Мы повстречались в мировом просторе,
В седой пурге, под проливным дождем
И в молниях слепящих траекторий
Вновь друг от друга спешных писем ждем.
Ты мог бы стать художником. Но небу
Иною призван доблестью служить.
Лети. Будь счастлив. Если бы ты не был
Самим собою — я не мог бы жить.
104. ЖАН-РИШАР БЛОК В КАЗАНИ
Он посмотрел горячими глазами
На рыхлый снег, на деревянный дом,
На комья туч свисающих — и замер,
И выговорил «каррашо» с трудом.
Как много дела впереди осталось!
Общительный, насмешливый смельчак,
Он знал, что это все-таки не старость
И не последний все-таки очаг.
В таком тылу, за столько верст от бури,
От яростной работы фронтовой…
И все-таки, грустя и каламбуря,
Чужой земле он повторял: «Я твой!»
«Я твой» — в госпиталях и у танкистов.
«Я твой» — на всех вокзалах… И, как сноп
Зенитного прожектора неистов,
Бил юношеской радости озноб.
Ему хватало зрения и знанья
На много дней, на много верст вперед.
Изгнанье? — Нет, не может быть изгнанья,
Париж? — Наступит и ему черед.
Ведь если долго всматриваться — вот он,
Любимый камень вымерших громад,
Где встал с картавым окриком «ферботен»[61]

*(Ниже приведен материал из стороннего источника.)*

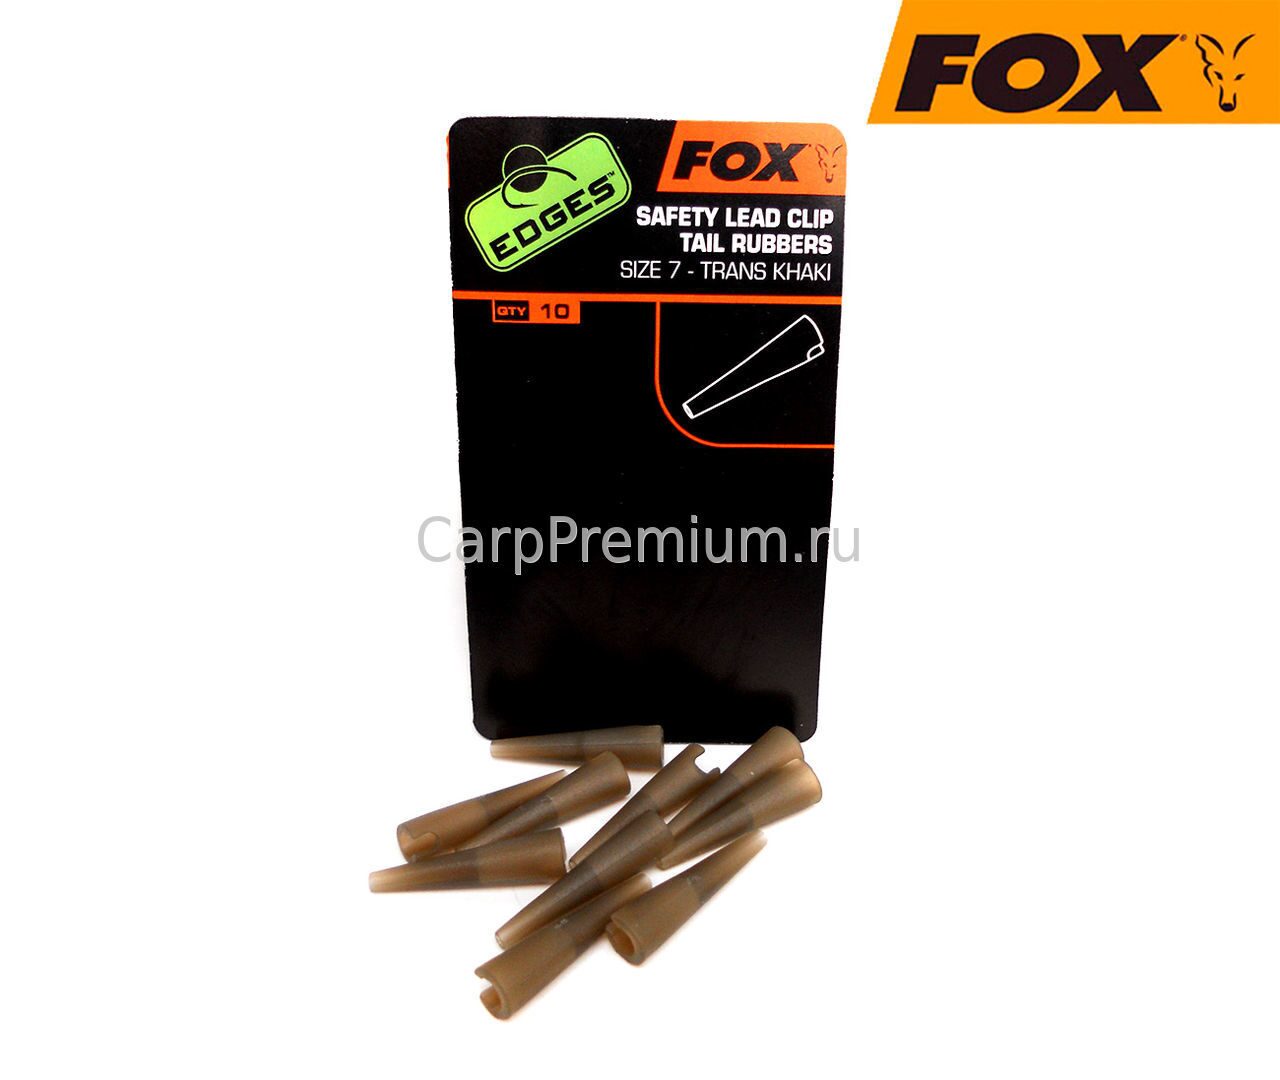 Конуса резиновые с прорезью для клипсы Fox (Фокс) - EDGES Lead Clip Tail Rubbers, 10 шт

Прямой, как палка, наглый автомат.
Ведь если долго вслушиваться — тут же
Возникнет песня Франции родной.
И он согрелся в нашей снежной стуже.
Он ей поверил. Только ей одной.
105. МОСКВА ФРОНТОВАЯ
Любимая! Еще раз — с Новым годом!
Бывало, вопреки всем непогодам,
Едва взмахнешь ты рукавом —
И пляс пошел, и песням нет конца там…
Так было и в двадцатом, и в тридцатом,
И год назад, в сороковом.
Ты шла как буря сменой поколений,
Не зная лжи, отчаянья и лени,
В колокола времен звоня;
Сгорев дотла, опять слагала песни,
Не сгинула на баррикадах Пресни
И хорошела от огня.
И вот враги подкрались издалече,
Чтоб онемечить, насмерть искалечив,
Твое прекрасное лицо.
И тыкались их волчьи морды в пене,
И лязгали клыками в нетерпенье,
Сдвигаясь в тесное кольцо.
Ты снилась им, Красавица! Но стужа
Охватывала фланги их всё туже
Во всю стоверстную длину.
И, выйдя в правый бой, ты разметала
Обломки вражьих тел, куски металла
В Волоколамске и в Клину.
Сверкала ночь в мохнатых крупных звездах.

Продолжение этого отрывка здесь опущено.